EXERCISE DIRECTIONS. Repeat these records exactly, pictures excluded.

Collected data
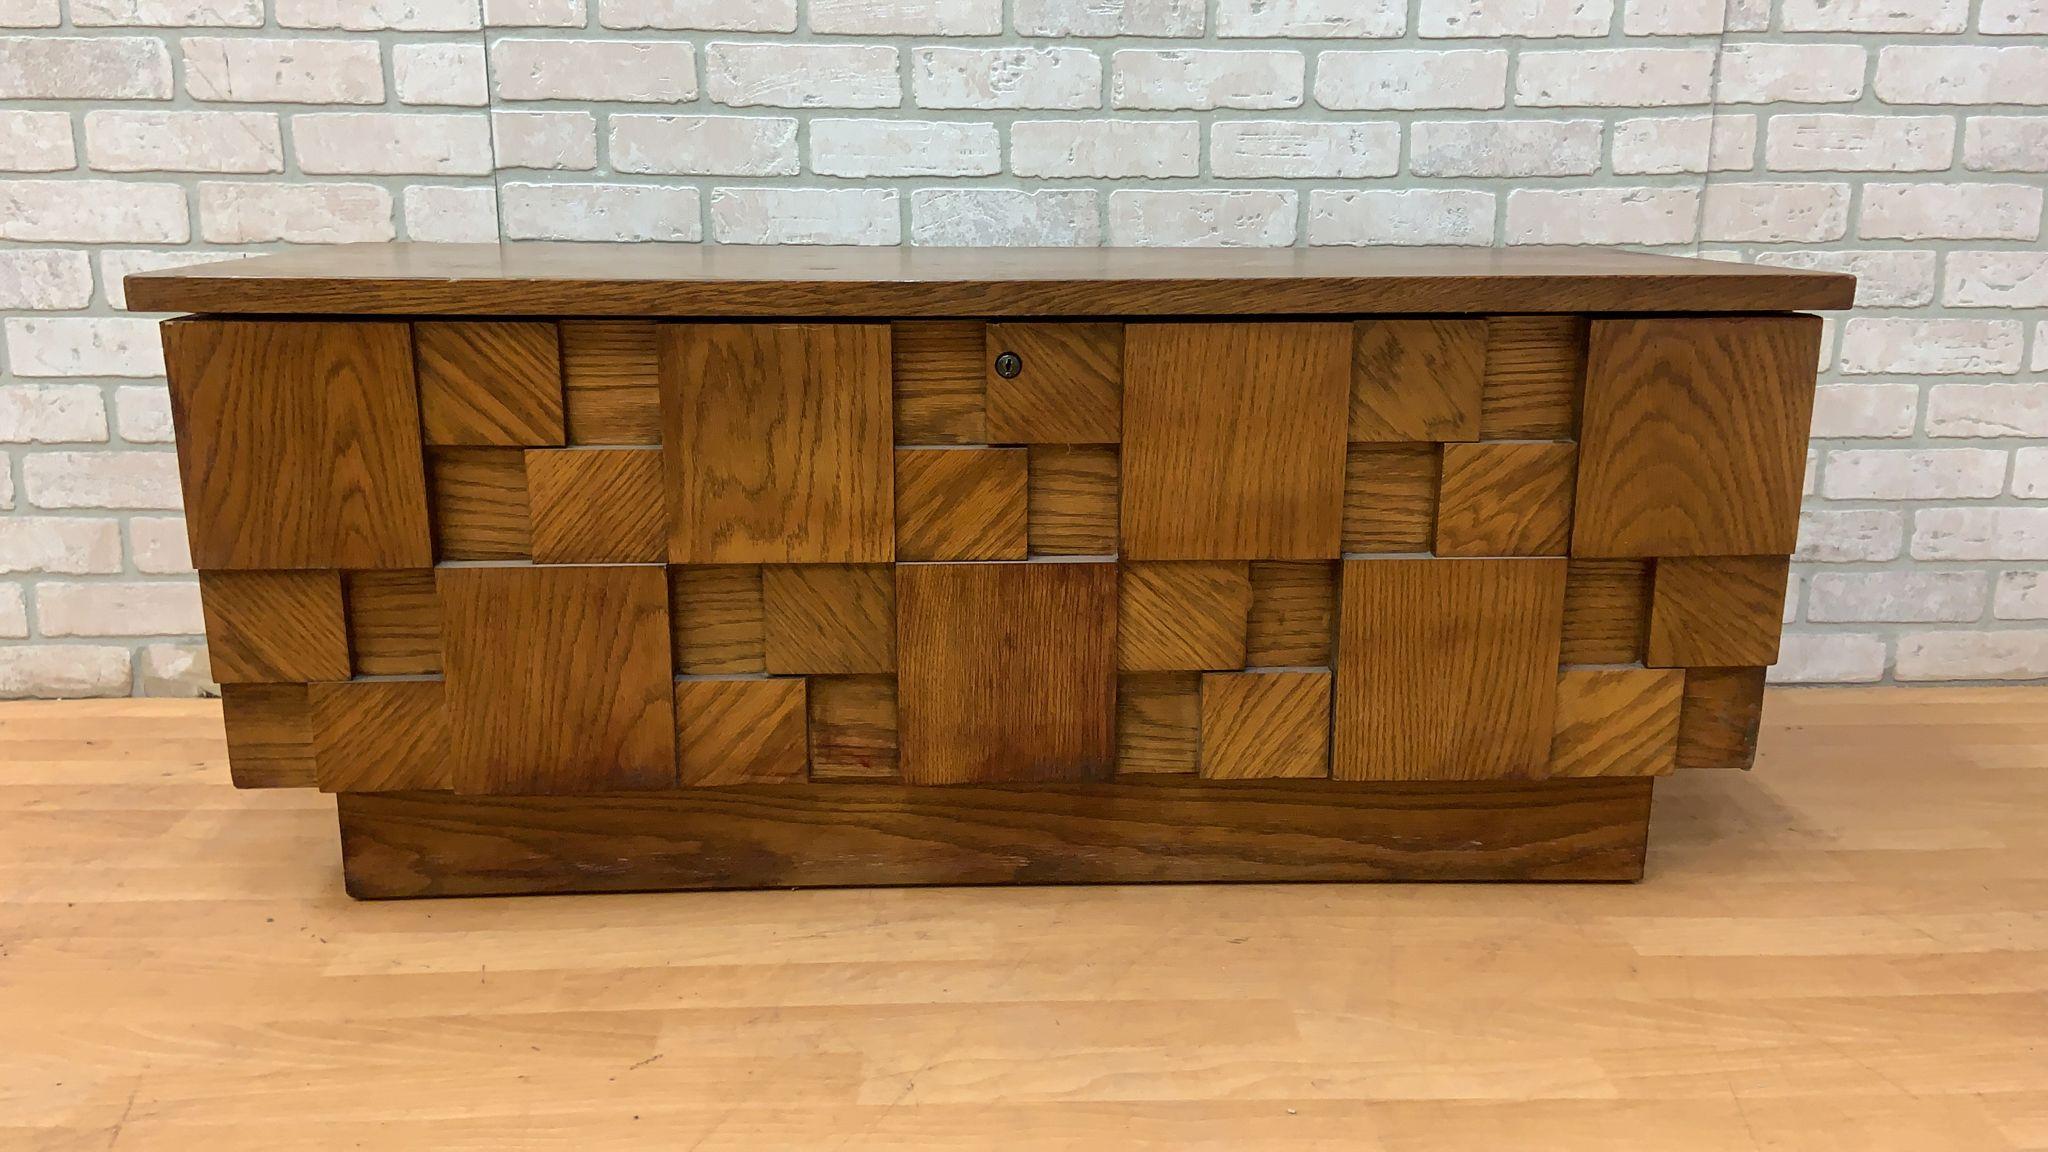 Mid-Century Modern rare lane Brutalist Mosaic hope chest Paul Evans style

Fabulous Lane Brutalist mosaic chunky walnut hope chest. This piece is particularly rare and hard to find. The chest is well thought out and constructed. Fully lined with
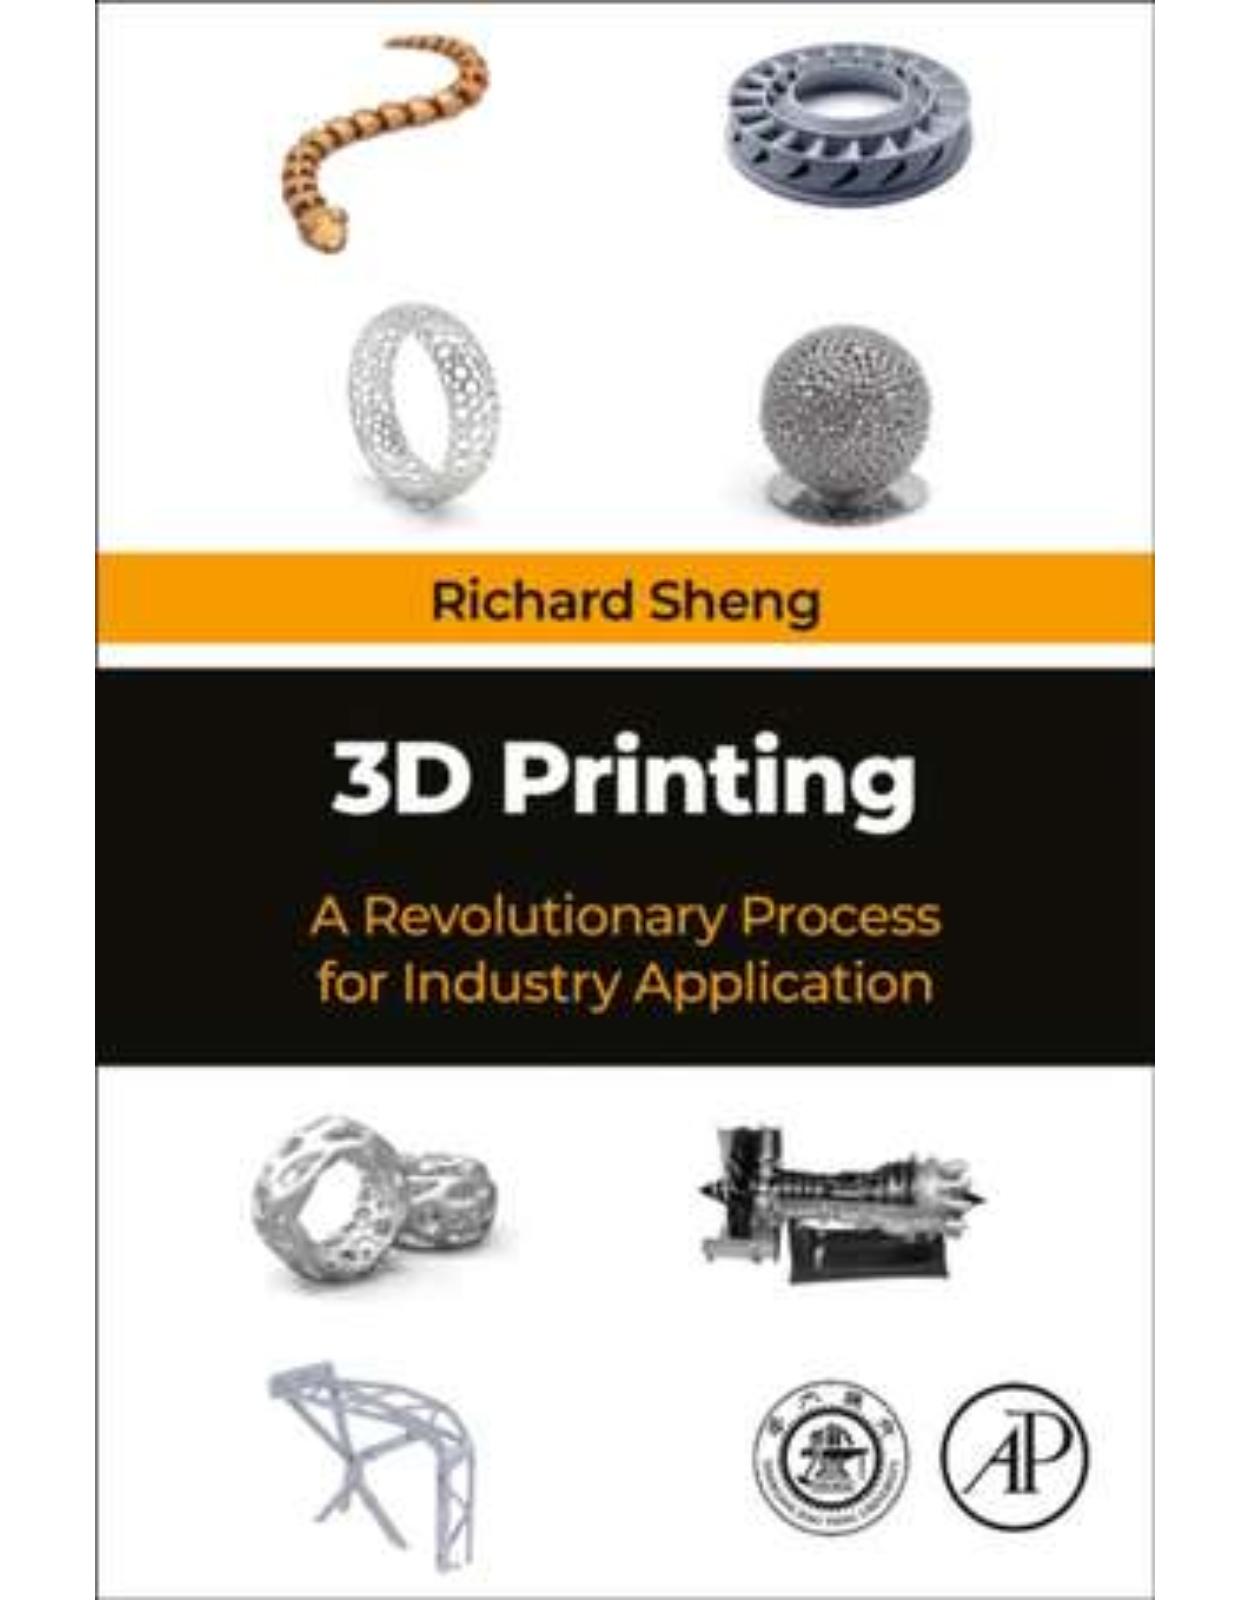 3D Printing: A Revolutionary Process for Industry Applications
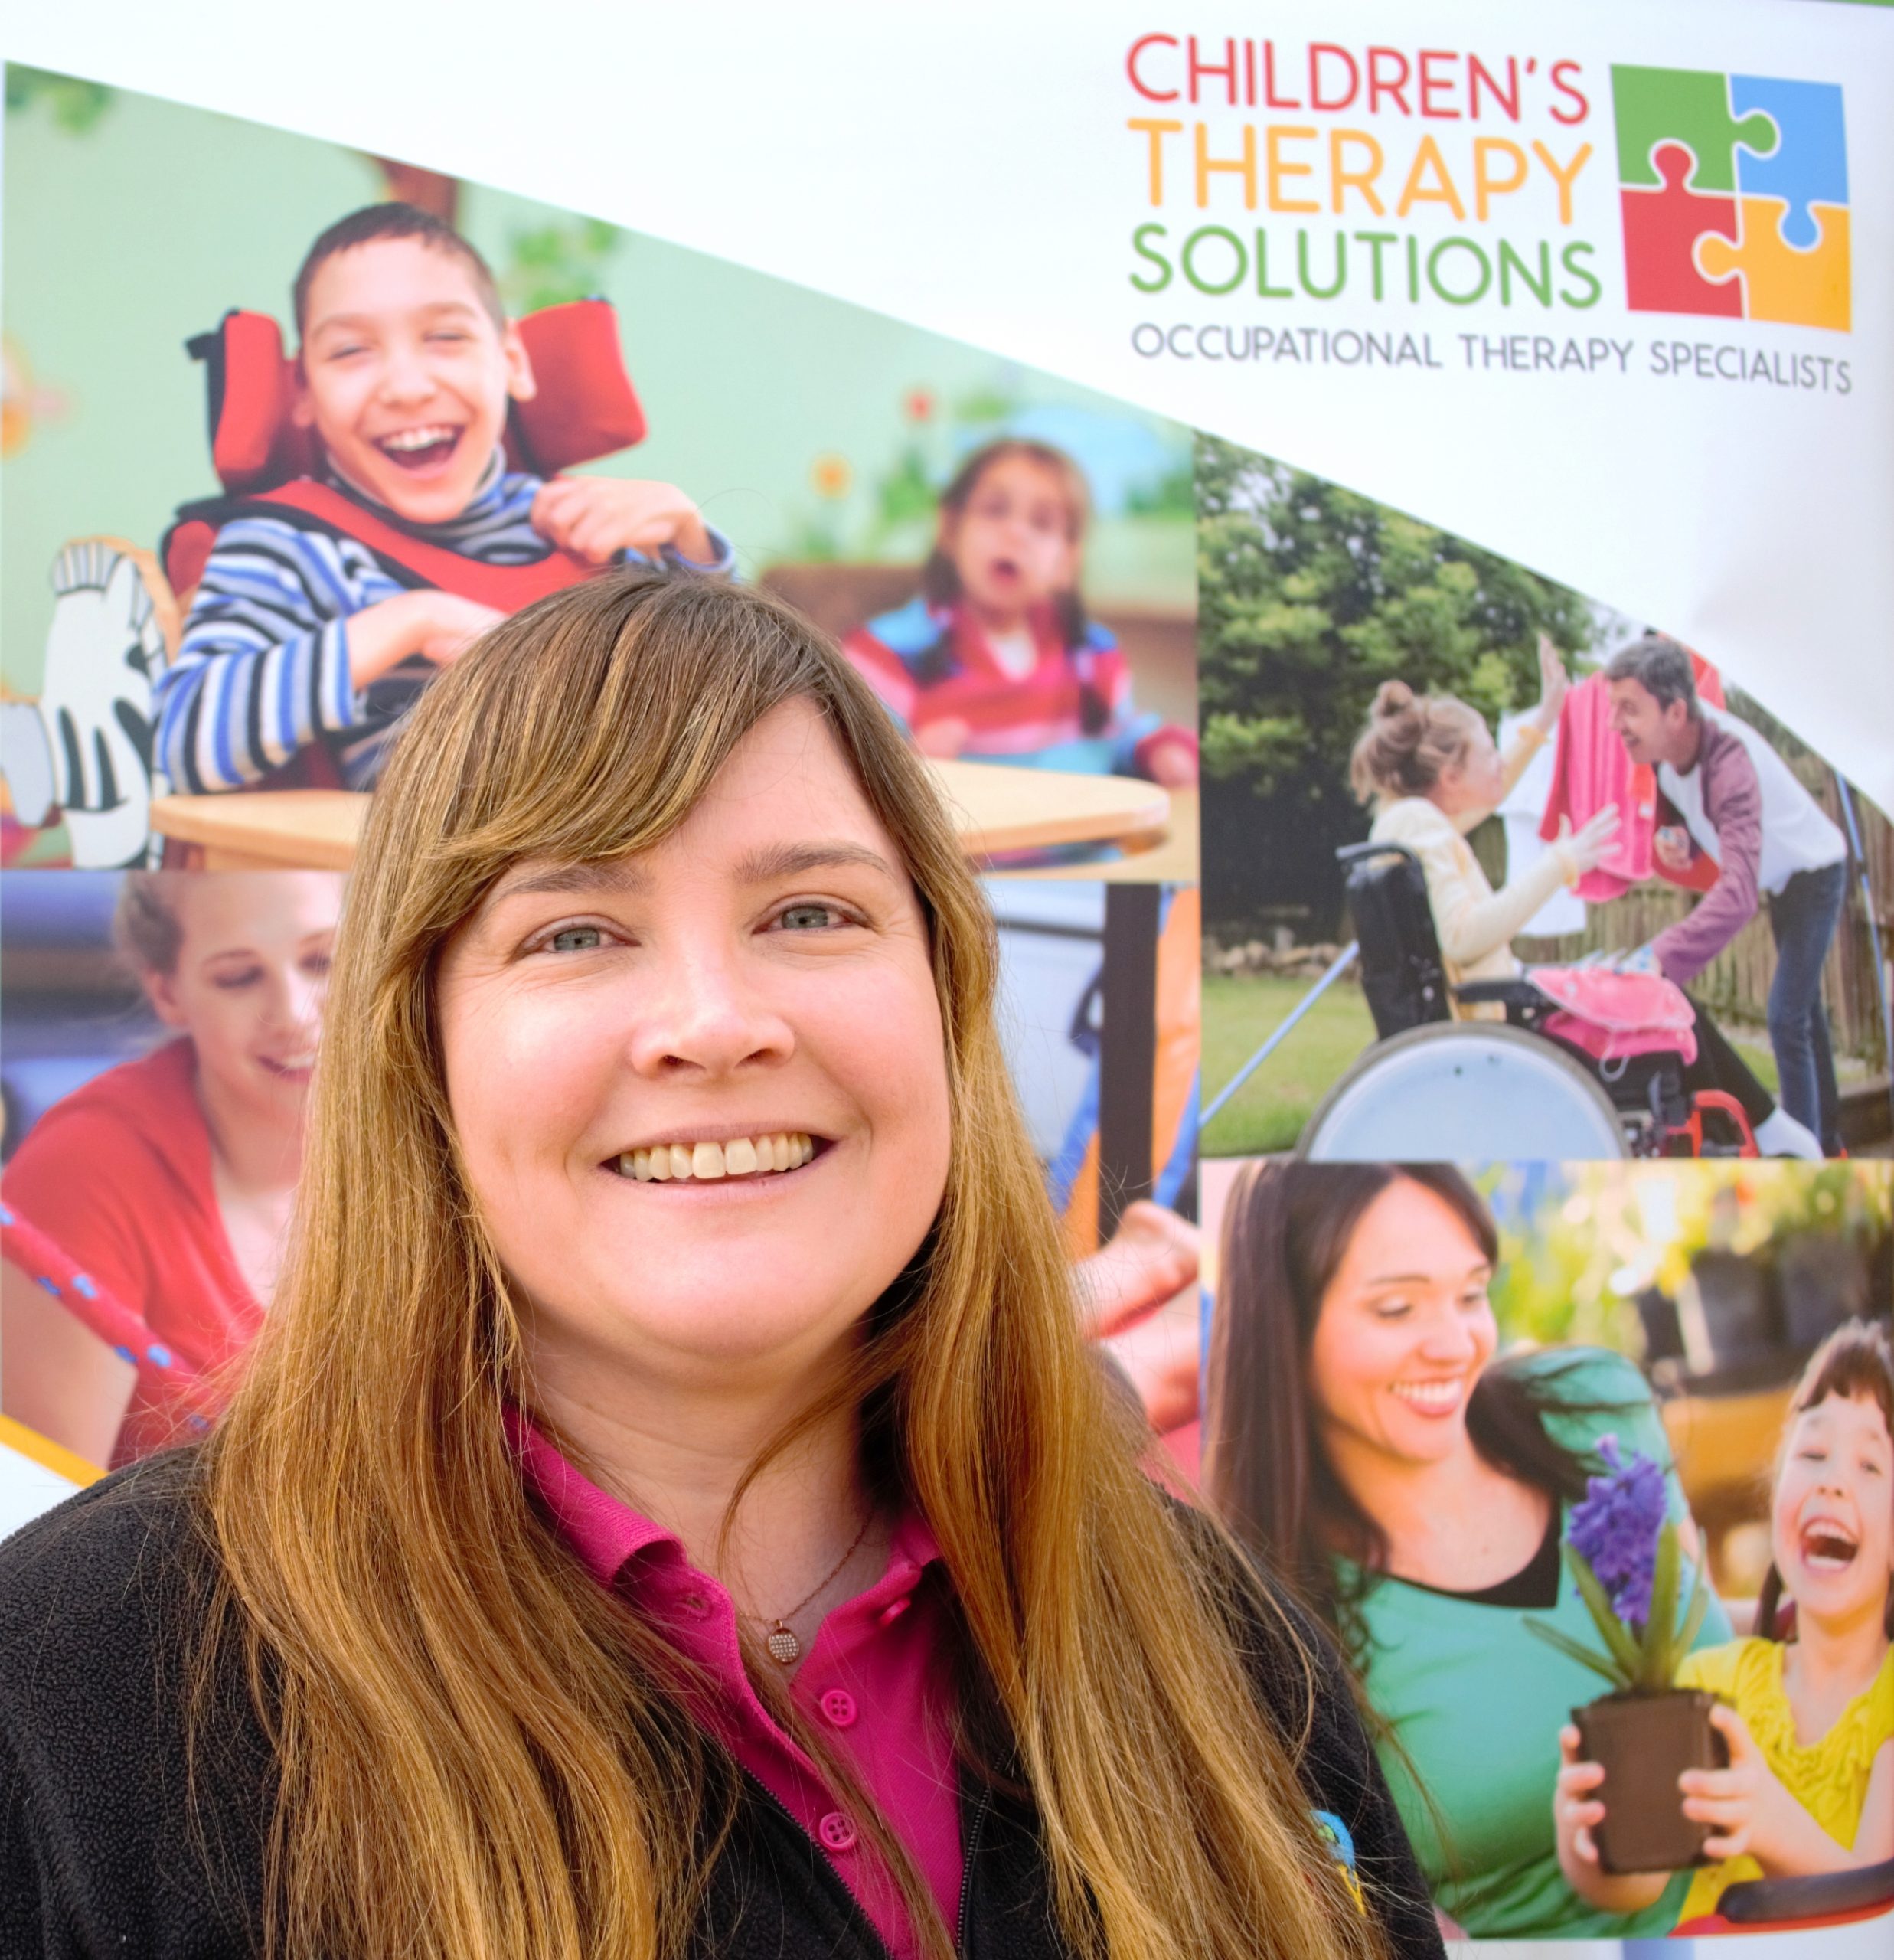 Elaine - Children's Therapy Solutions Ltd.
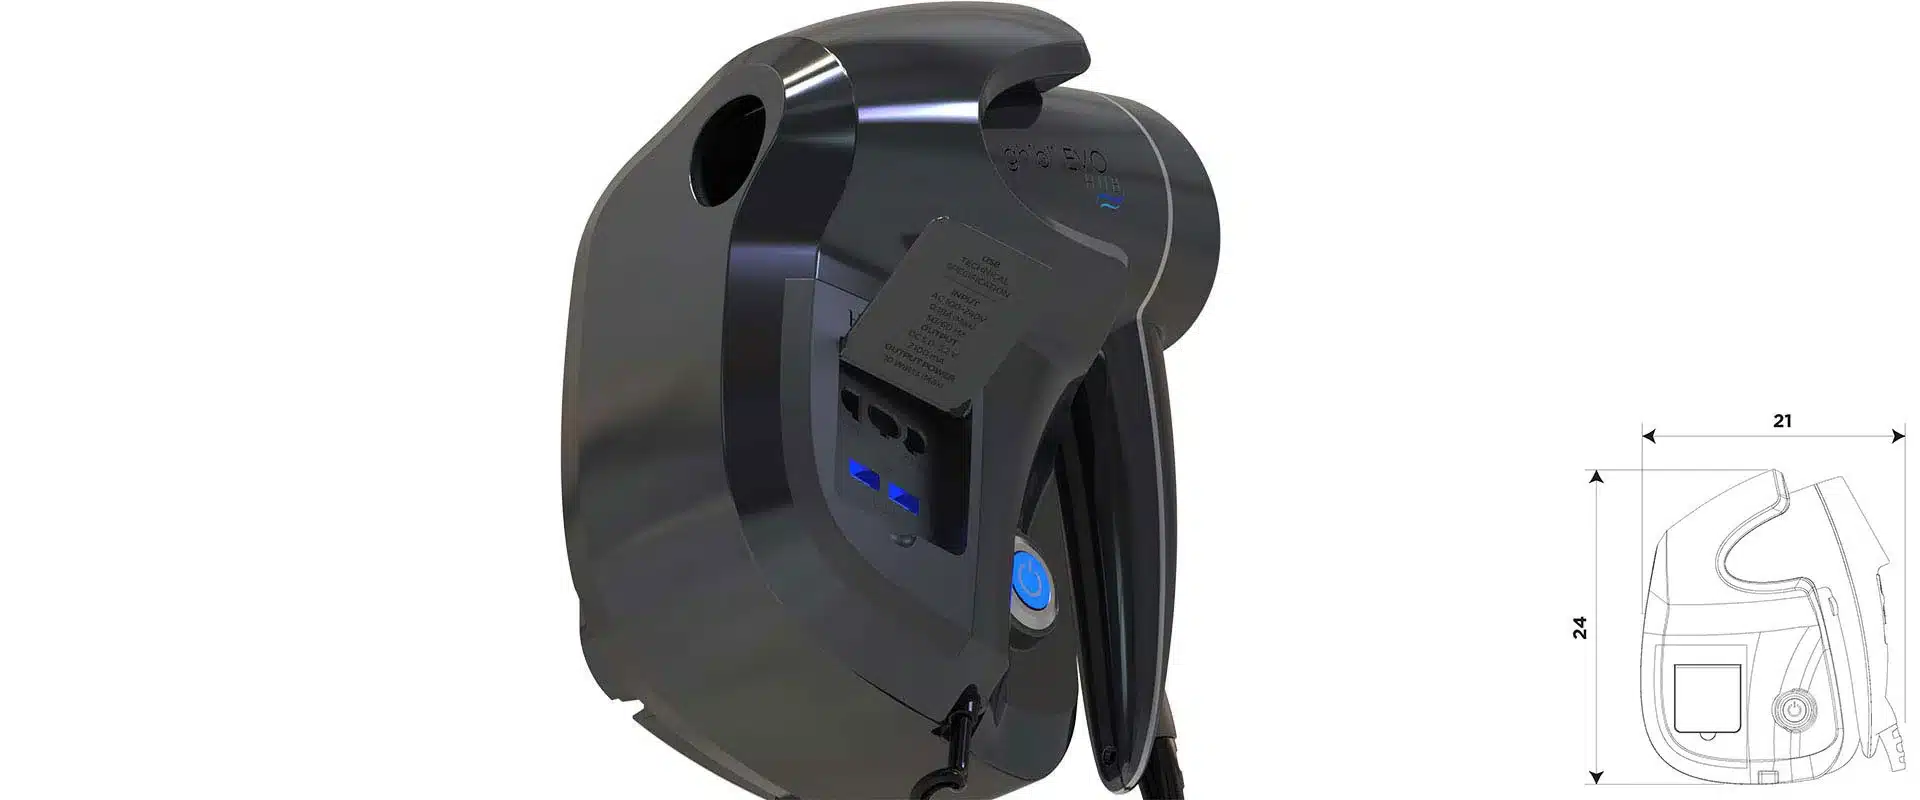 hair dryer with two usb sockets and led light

TASK SOLUTION.
 Mid-Century Modern rare lane Brutalist Mosaic hope chest Paul Evans style

Fabulous Lane Brutalist mosaic chunky walnut hope chest. This piece is particularly rare and hard to find. The chest is well thought out and constructed. Fully lined with
 3D Printing: A Revolutionary Process for Industry Applications
 Elaine - Children's Therapy Solutions Ltd.
 hair dryer with two usb sockets and led light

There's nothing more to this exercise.